Well the issue here is not that I must mock it, but that I need to test the Redis functionality without having an actual Redis server available to serve the test - in other words, I want to be able to run the unit tests anywhere.

MikeHopley's avatar

Well the issue here is not that I must mock it, but that I need to test the Redis functionality without having an actual Redis server available to serve the test - in other words, I want to be able to run the unit tests anywhere.

You might ask yourself what you are actually testing with the mocked tests. Often with these kinds of tests, you are not really testing anything except some trivial "wiring", like "Class A calls some method on class B, which returns a mocked value".

The most important quality of a test is that it is reliable -- i.e. that the test will fail if there is a problem with the code. Sometimes mocking too much can undermine the reliability of tests and give a false sense of confidence.

If I wanted to be confident that my code correctly interacts with a Redis server, then I would test against a Redis server.

Drfraker's avatar

Well the issue here is not that I must mock it, but that I need to test the Redis functionality without having an actual Redis server available to serve the test - in other words, I want to be able to run the unit tests anywhere.

This makes sense to me in the context of mocking an external API call where you need internet or something. However, with redis you can install it on your VM or local machine that your tests are running on. For instance I have redis installed on my Macbook Pro locally and use Valet to serve the application. But that could just as well be a Virtual machine running a vagrant setup. In any case you can install Redis so that your testing environment has access to it. There is no reason I can think of that would prevent you from running your tests if you were not mocking Redis calls.

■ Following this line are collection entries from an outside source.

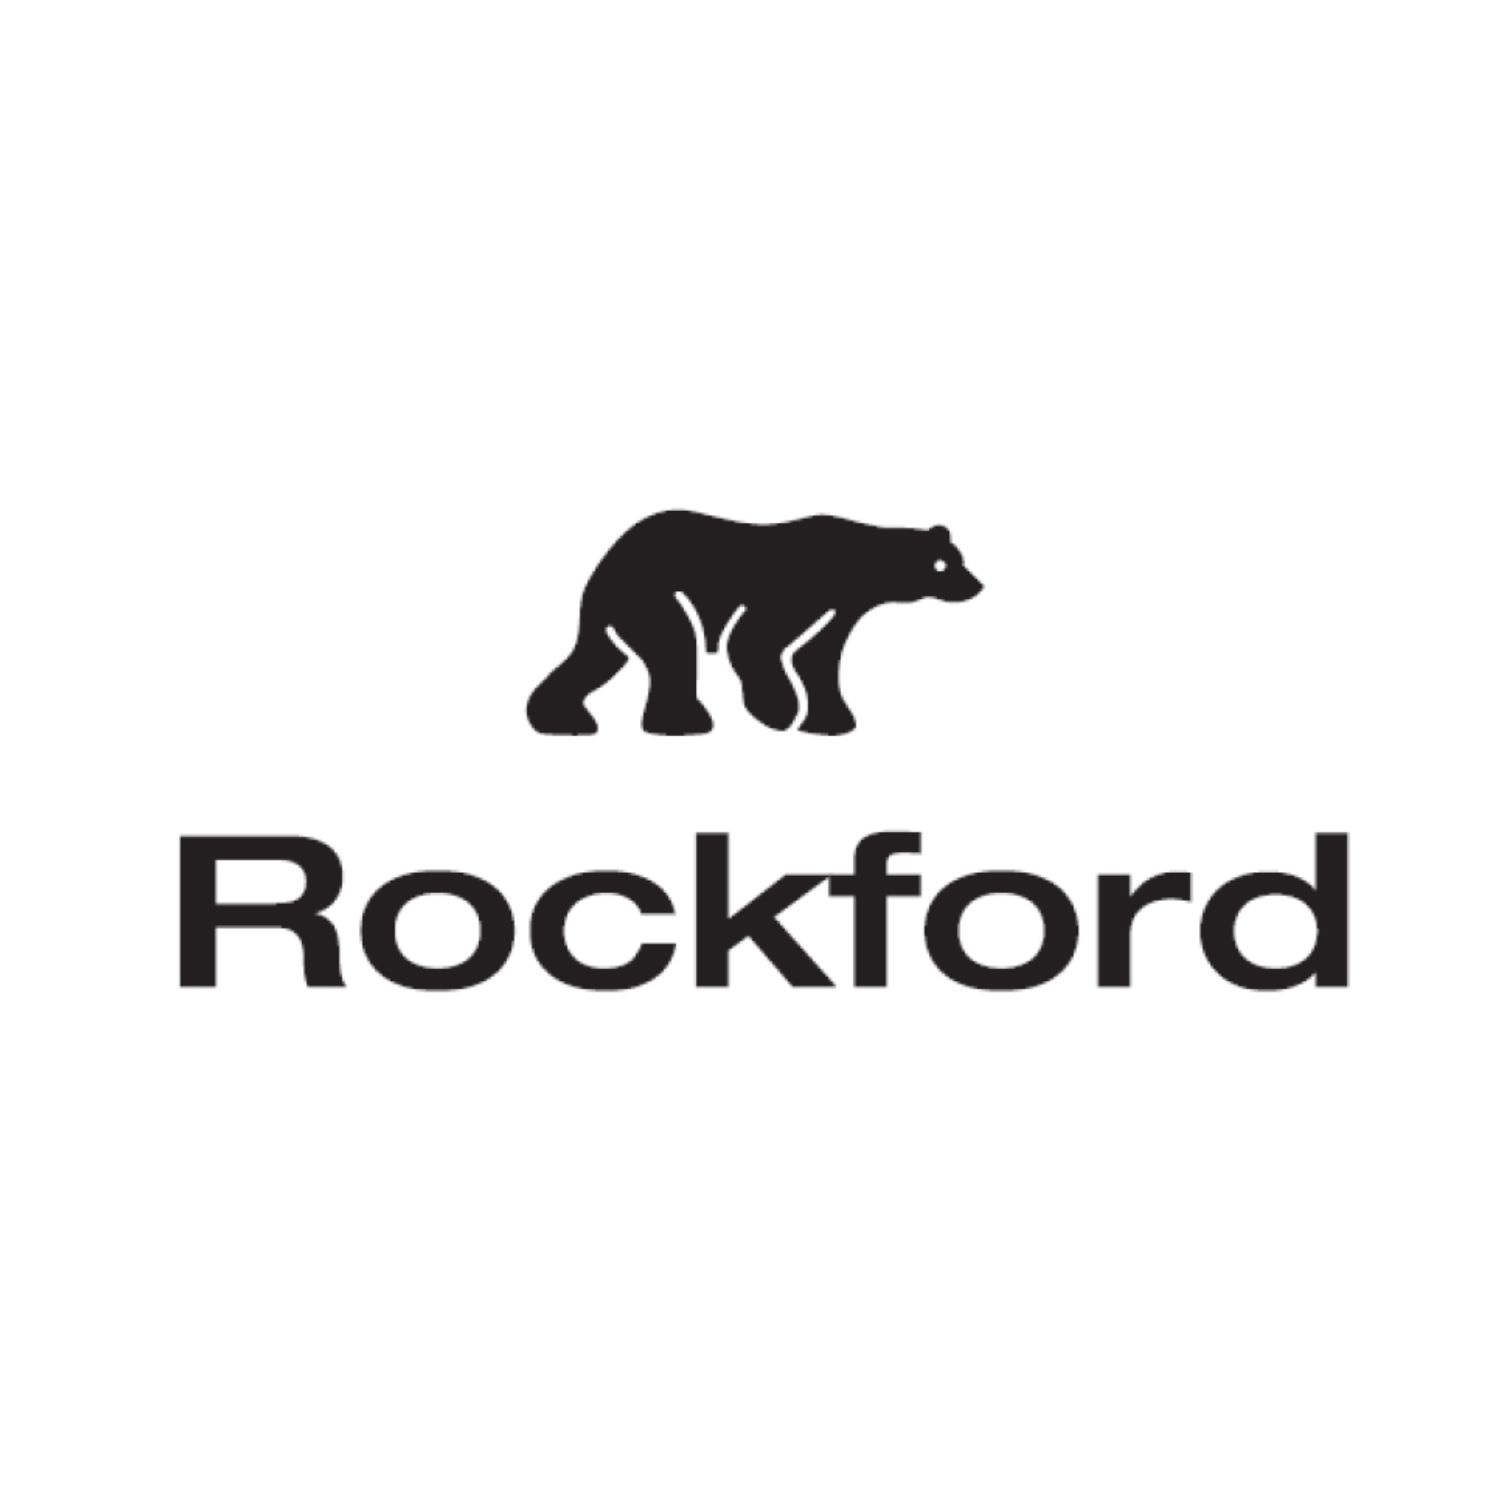 Rockford
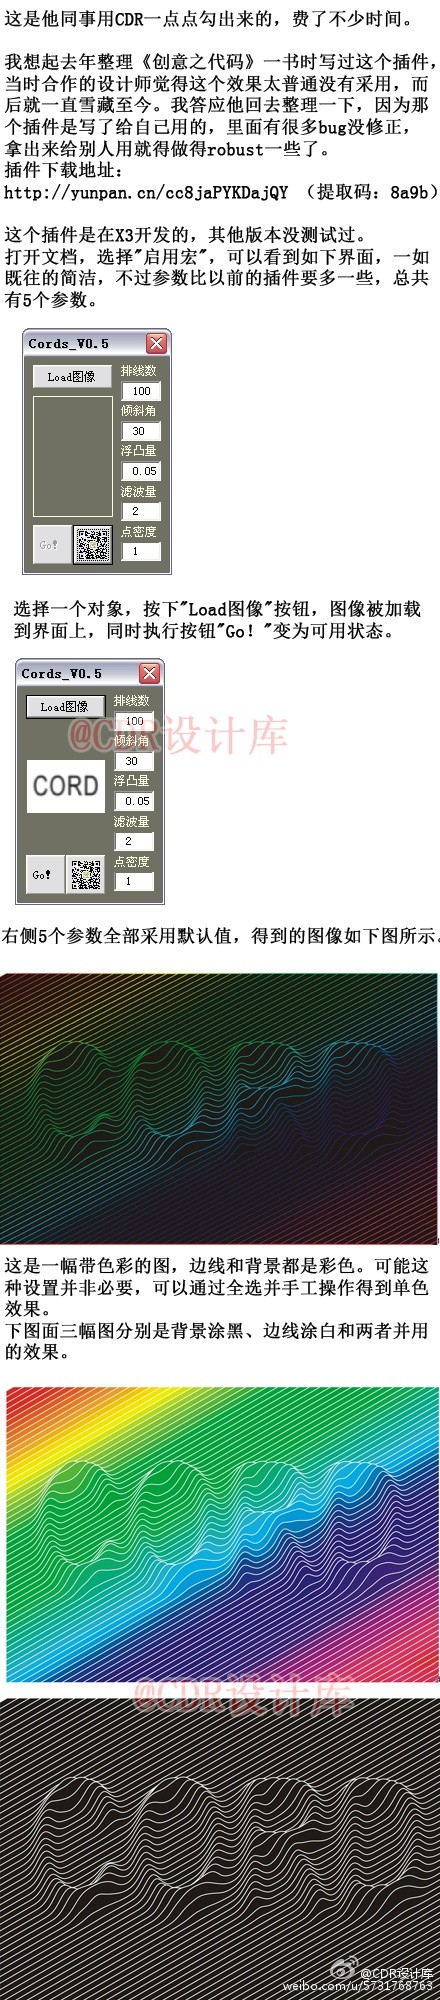 巧用CDR設計偽三維絲弦浮凸效果插件三聯
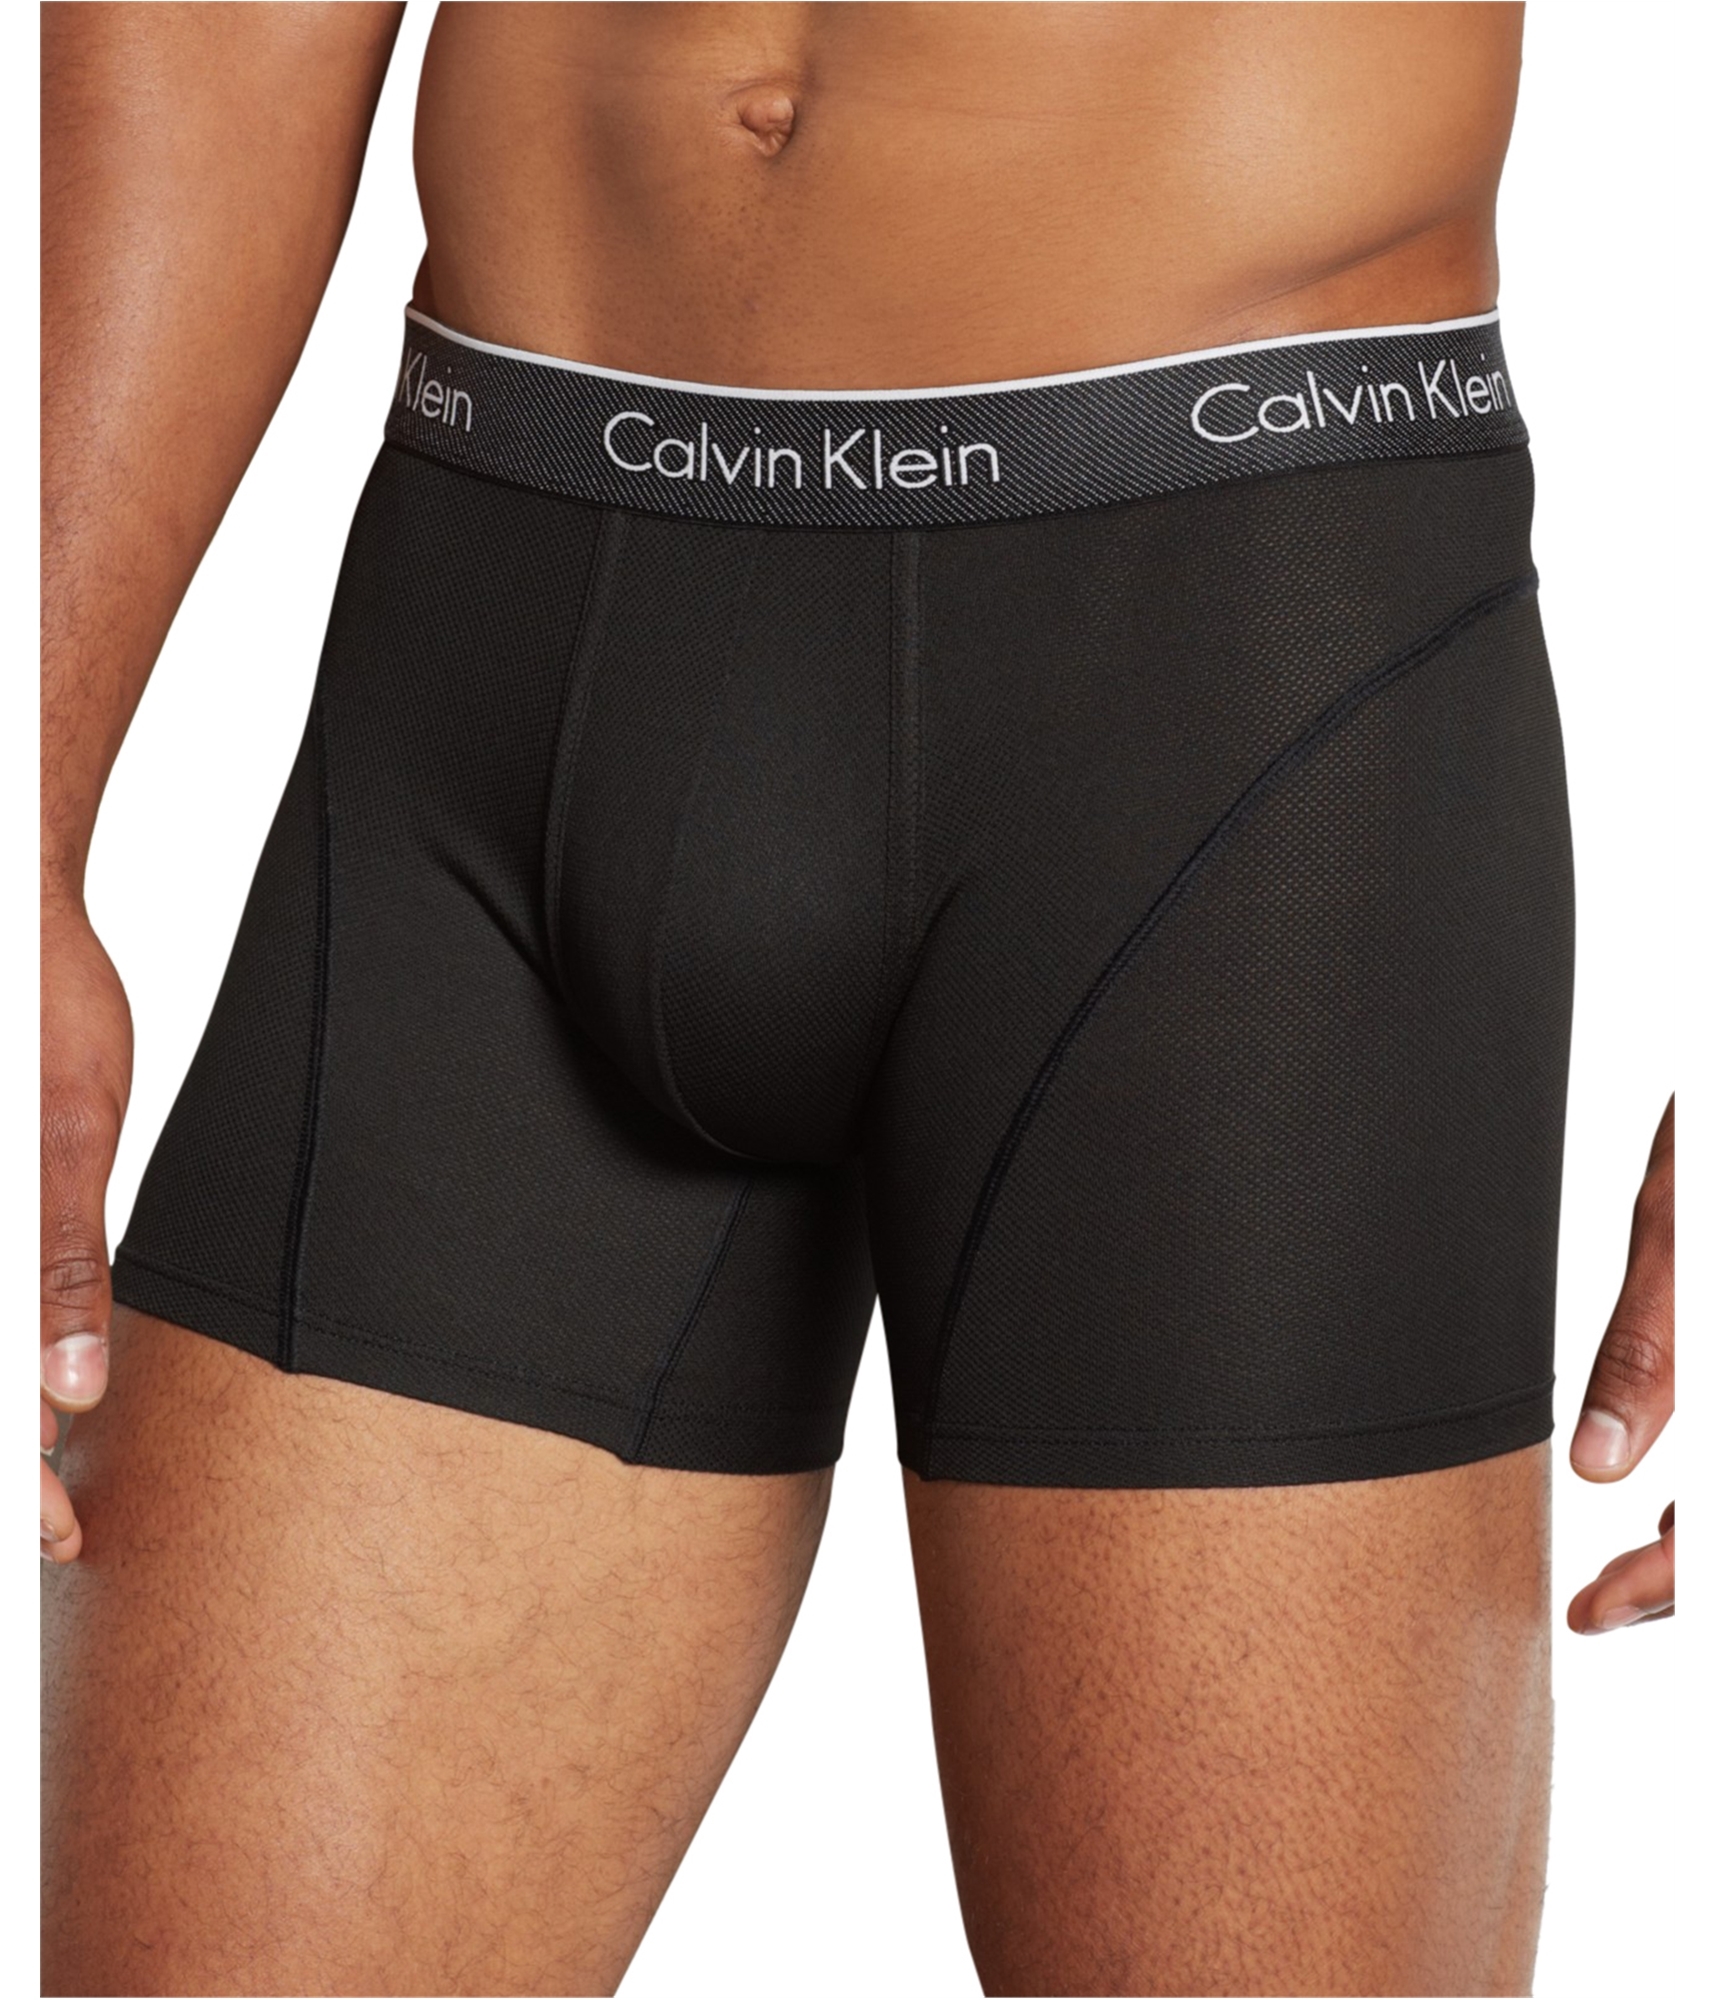 Buy a Mens Calvin Klein Fx Low Rise Underwear Boxer Briefs Online |  
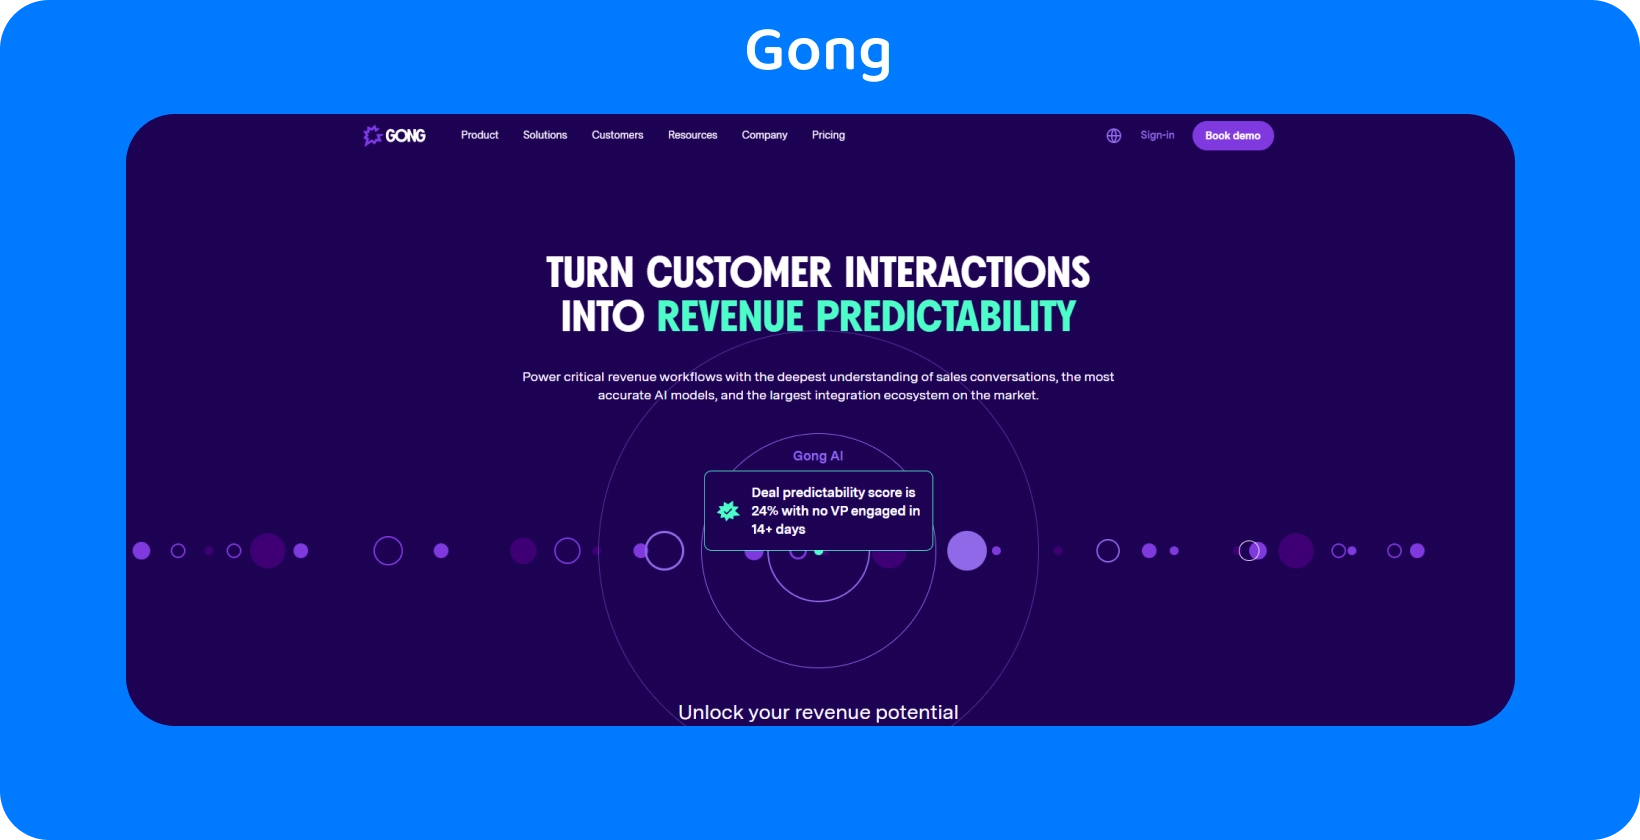 Η διεπαφή του Gong υπογραμμίζει τη μετατροπή αλληλεπίδρασης πελατών σε προβλεψιμότητα εσόδων, χρησιμοποιώντας AI για πωλήσεις.

Let me know if I'm missing something obvious here.

In the case of mocking Redis, did the example I outlined make sense?

nestormata's avatar

I know the question is old, but worth mentioning for anyone looking for this now. Redis in Laravel is registered with a Service Provider.... https://github.com/laravel/framework/blob/5.8/src/Illuminate/Redis/RedisServiceProvider.php

So, with anything that uses a Service Provider is easy to change that registration in the app during testing and inject a mock object there, so that in anyplace that uses Redis it would get your mock object instead. This applies to anything that uses a service provider, and therefore, this is why you are encouraged to write your own service providers in your code instead of instantiating objects in your code, that way you can inject mock objects and have a code that is easier to test and maintain and more loose coupled.